“L’uomo della porta accanto” (procuratore capo di Firenze); “Un uomo tranquillo, niente di strano”, (il fruttivendolo all'angolo, il salumiere e poi l’elettricista a neanche cento metri dall'appartamento dignitoso dove Riccardo Viti passava le sue giornate).
Rileggo alcune frasi dell’uomo di Firenze che ha confessato di aver seviziato ed ucciso una donna, dopo averla “crocifissa” con dei manici di scopa e nastro isolante.
“Signor giudice non so nemmeno io quante volte l’ho fatto Non volevo che finisse così. Speravo che si salvasse anche lei. Io non volevo farle male, volevo solo giocare”.

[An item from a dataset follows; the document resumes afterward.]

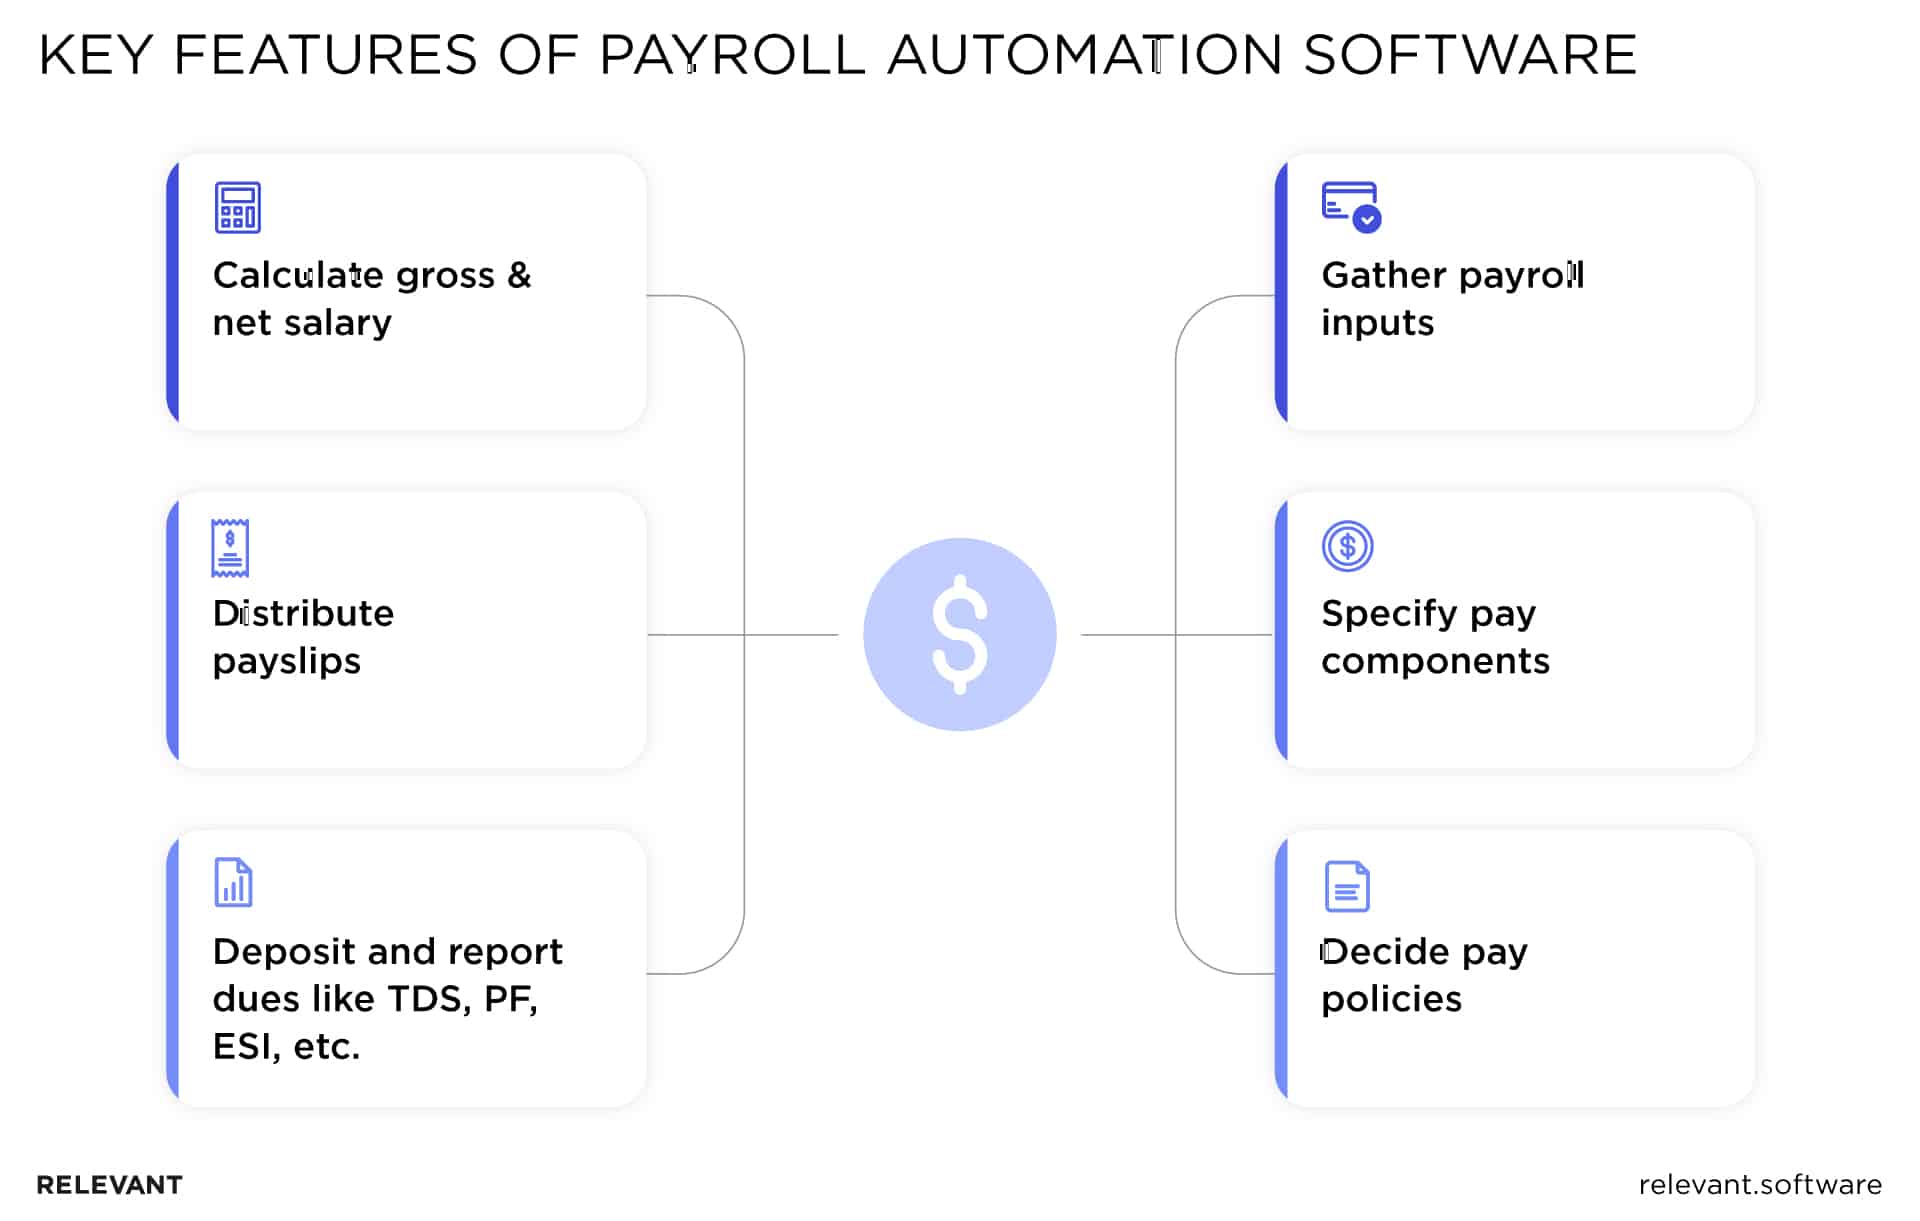 Key features of payroll automation software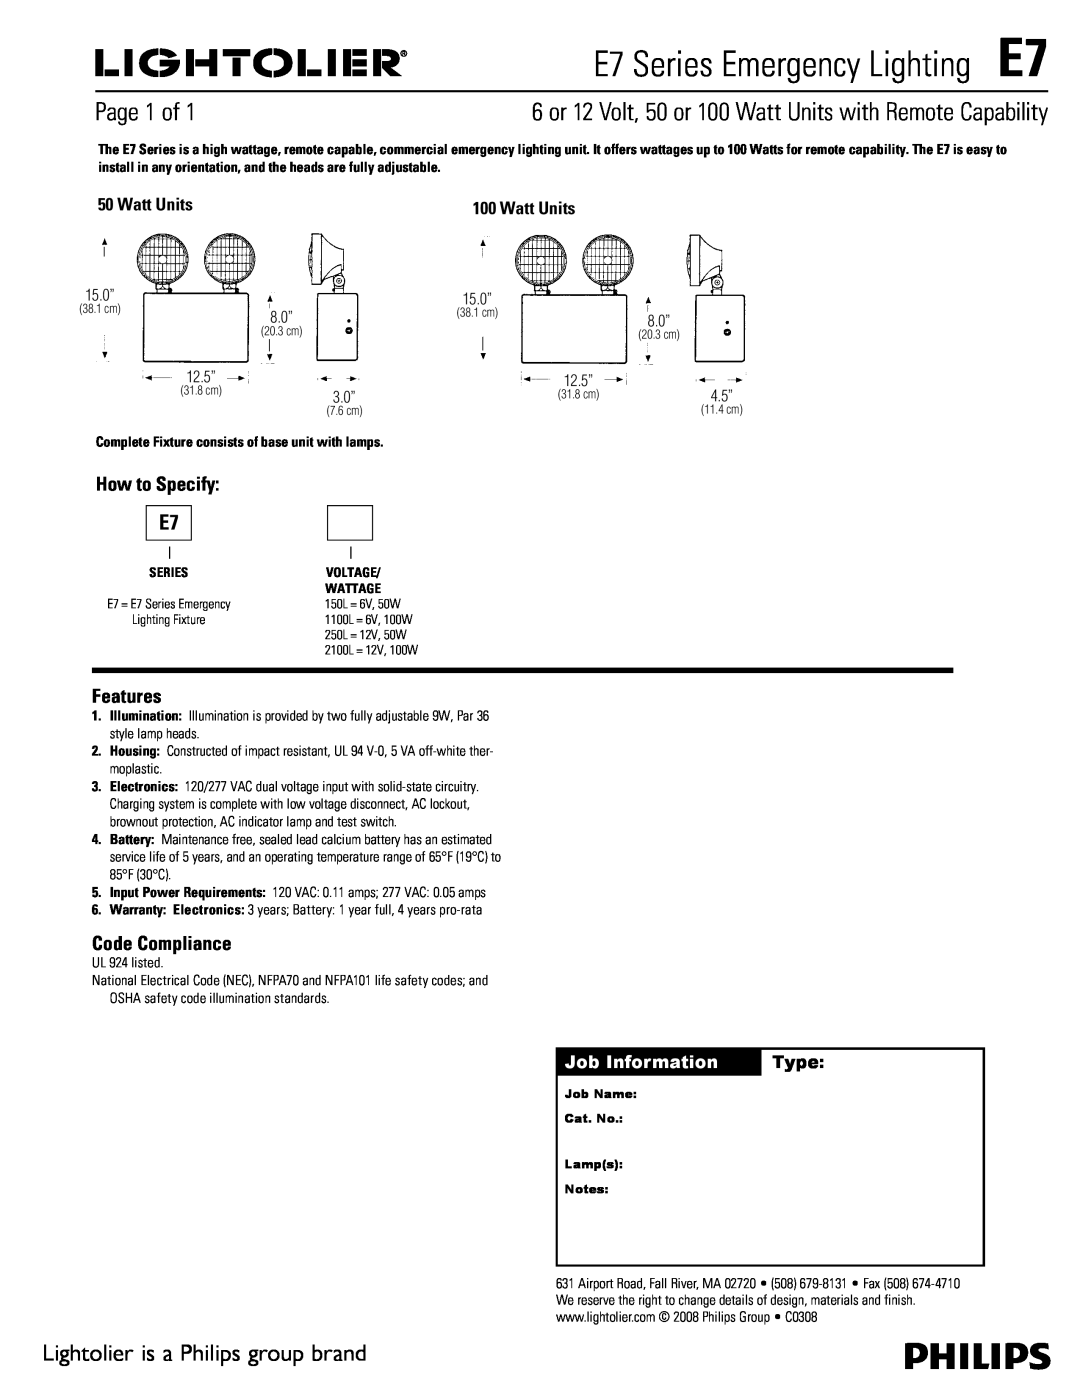 Lightolier warranty E7 Series Emergency LightingE7, Page 1 of, Lightolier is a Philips group brand, How to Specify

“Ho capito subito che avevo fatto una cazzata. Ho capito che avevo calcato troppo la mano. Io non volevo che loro provassero dolore. Era un gioco. Se si lamentavano scappavo. Se resistevano finiva lì”. “Non immaginavo che finisse così... Sono un uomo finito, chi mi salva più”. “Mia moglie tornava dal lavoro sempre stanca. Aspettavo che andasse a letto e poi io uscivo. Avevo bisogno di uscire”.
Se riesco a sollevare lo sguardo dalla brutalità del gesto e a sospendere l’impellente giudizio morale che mi assale, vedo un uomo che non è mai stato a contatto con le proprie emozioni a cui è stato precluso nel suo cammino umano quel percorso di crescita personale intrapsichico, che attraverso le zone più profonde dell’essere, porta alla maturità affettiva. Che vuol dire conoscenza e accettazione della propria natura ma con in più una capacità di elaborazione e gestione di sé tale da incrementare e ottimizzare le proprie risorse, qualità, talenti, potenzialità. E’ questo che ci può portare all'equilibrio emotivo, al controllo intelligente e consapevole delle emozioni, non attraverso la repressione coatta ma armonizzando l’emotività con la totalità della propria esistenza.